水产养殖系统对大气N2O有贡献，但这种N2O来源的大小在很大程度上是不确定的。在此，我们基于59篇同行评审的出版物，综合了139个水产养殖场的数据，并估计中国水产养殖系统每年排放9.68 Gg N （4.12 Tg CO2-eq每年-1）。N2O排放量因系统类型、养殖物种、系统的物理尺寸、水文条件和管理措施而有显著差异。

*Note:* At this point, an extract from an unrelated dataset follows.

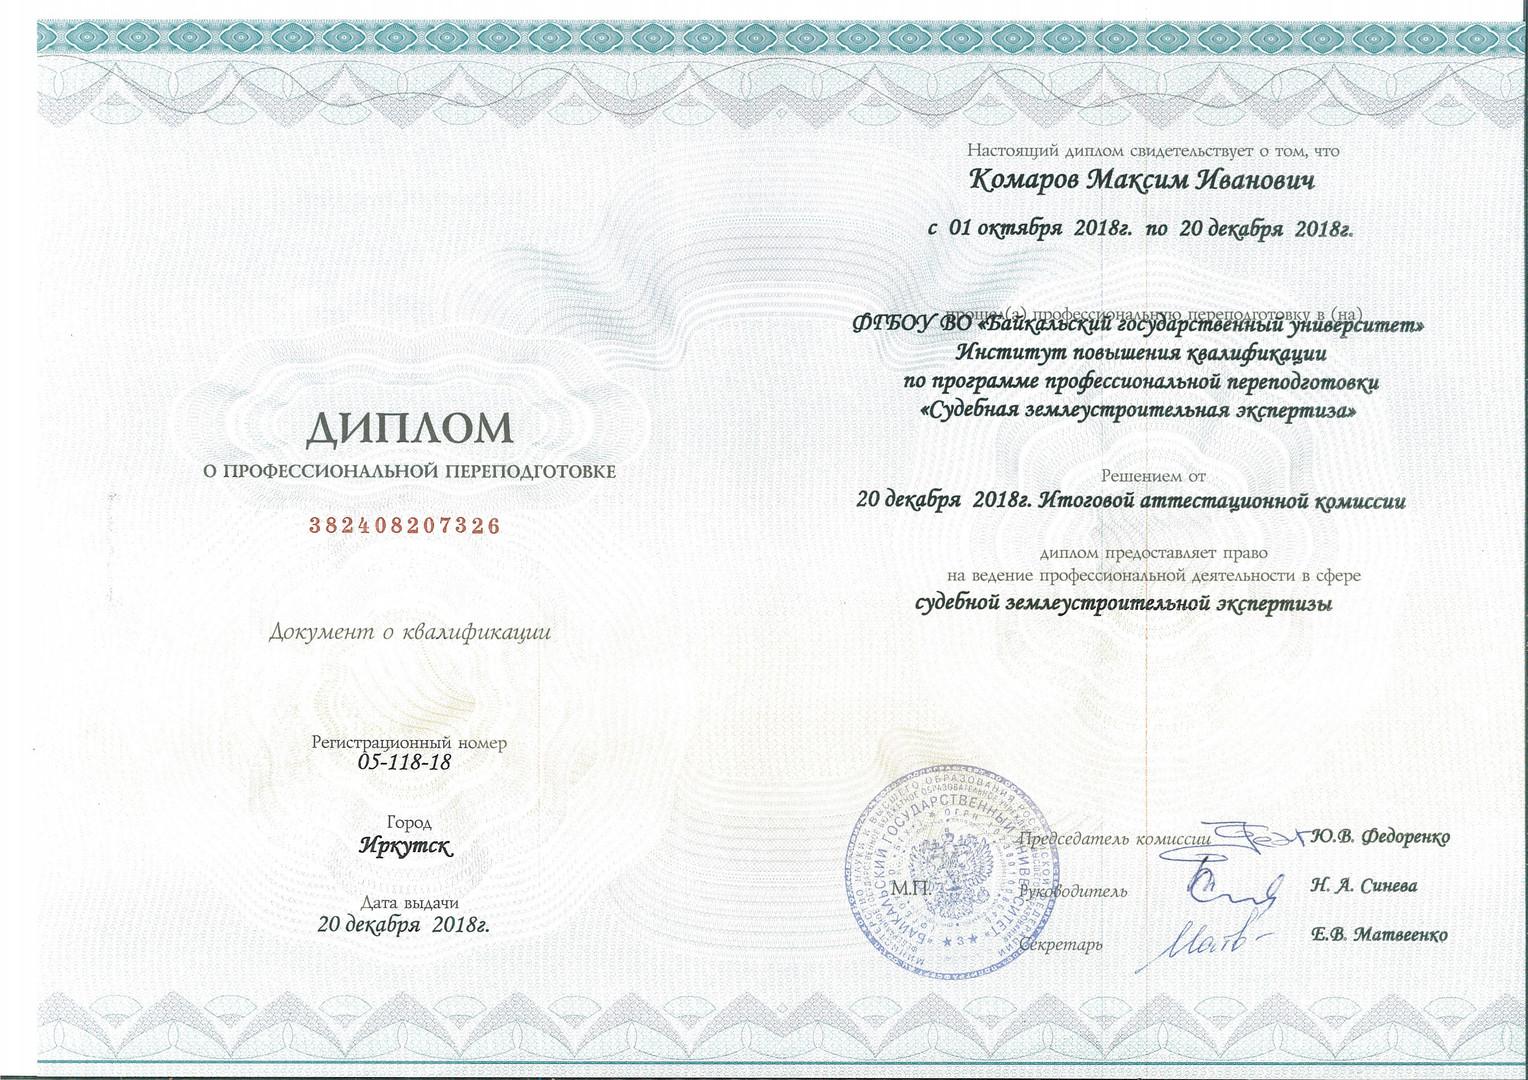 3 диплом судемной экспертизы.jpg

其中，内陆塘系统N2O通量（268.38±75.96 mg N m-2年-1）和间接N2O排放因子（4.4±0.9‰）高于其他系统类型。混合种养殖的N2O排放量低于单一种养殖，而小池（< 1 ha）和浅池（< 1 m）是N2O排放的热点。基于不同风驱动扩散模型的通量值差异很大，CC98模型与使用浮动室的直接测量结果最接近。总体而言，养殖水域的排放强度低于溪流、河流和水库，但与河口和湖泊相当。水产养殖部门的迅速扩张和该部门的N2O数据有限，特别是水稻-水产养殖共养殖系统的N2O数据，突出表明需要更好地监测和现场测量，以完善水产养殖系统温室气体排放清单。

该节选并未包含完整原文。